Server to client media playback with frame-based processing

Many of the examples in this repo show client to server media sinks (mic / video capture), which have frame based callback processing. I am looking to do server to client media playback, with frame based callback processing. This would be useful for real-time audio playback with real-time processing.

After searching through this discussion https://discuss.streamlit.io/t/new-component-streamlit-webrtc-a-new-way-to-deal-with-real-time-media-streams/8669, and the example pages in streamlit-webrtc, I have not been able to find an example of this.

To be specific, I am looking to do the following:

Load an audio file (server)
Start playback (from server to client), frame by frame
Process each frame (before it is sent to the client) via a callback (processing should occur on the server, for example ML inference)
Playback processed audio frame to client
Continue in real-time

This example uses the MediaPlayer class from aiortc:

streamlit-webrtc/pages/8_media_files_streaming.py

Line 9 in ff697dc

from aiortc.contrib.media import MediaPlayer

. However it does not seem that this provides any sort of callback on the stream (at the audio frame level).

Digging deeper, the MediaPlayer class has a MediaStreamTrack instance (https://aiortc.readthedocs.io/en/latest/api.html#aiortc.MediaStreamTrack) which has a recv callback method for each frame.

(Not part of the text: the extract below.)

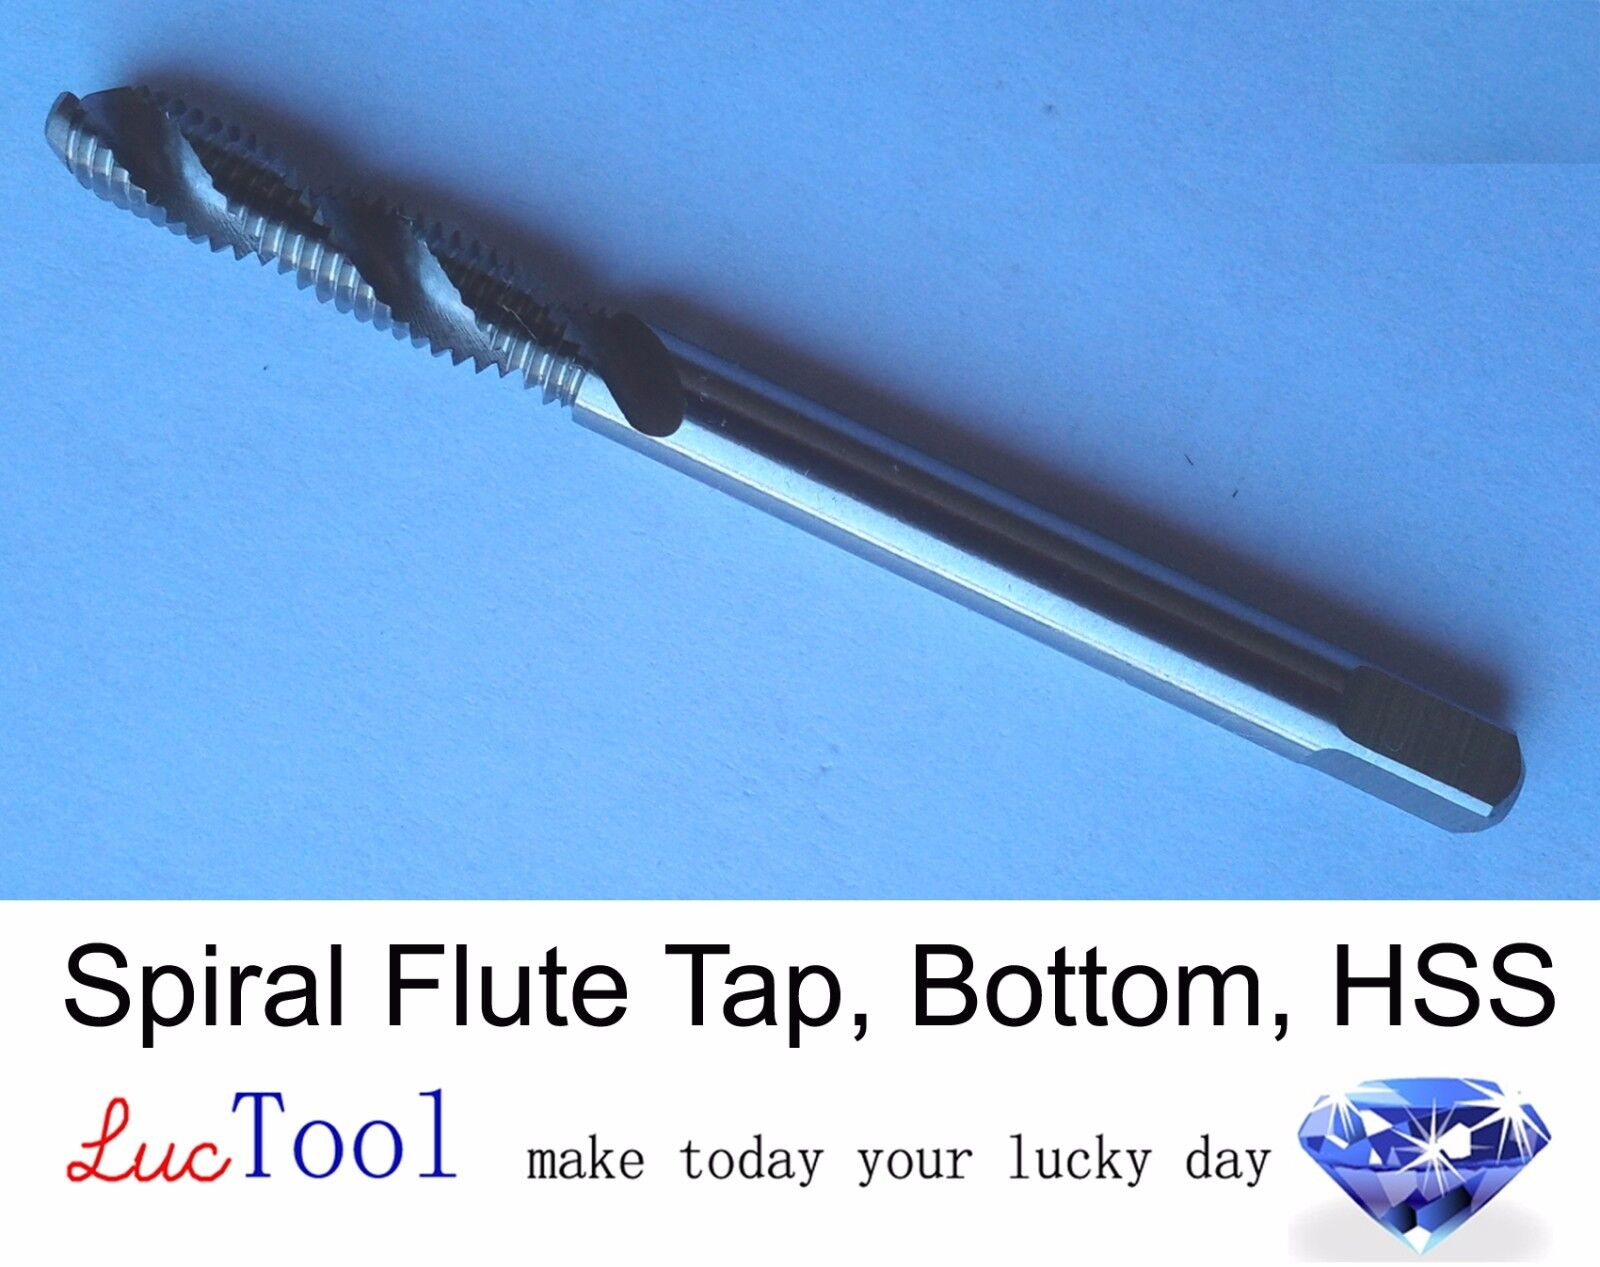 6-40 UNF Spiral Point Tap Plug GH2 Limit 2 Flute HSS Gun Tap Uncoated Thread

Would the correct approach be to create a new subclass of MediaStreamTrack and write a custom recv for the required processing? I found this related thread: aiortc/aiortc#571

Is this functionality supported currently? I would appreciate any guidance here.

Thanks heaps!

Interested in pointers to potential solutions. My use case is similar, generate some text-to-speech and play it back.

The example you mentioned (https://github.com/whitphx/streamlit-webrtc/blob/main/pages/8_media_files_streaming.py) uses a callback to process the video frames (video_frame_callback).
Does using audio_frame_callback in this place instead work for you?

The audio filter example may also be a reference about the usage of audio callback while it's a client-to-server example.

Interested in pointers to potential solutions. My use case is similar, generate some text-to-speech and play it back.

@wenshutang I'm also interested in this issue for my text-to-speech streaming problem. I wonder if you've found a solution yet. If so, could you please share some references or suggestions? Thank you.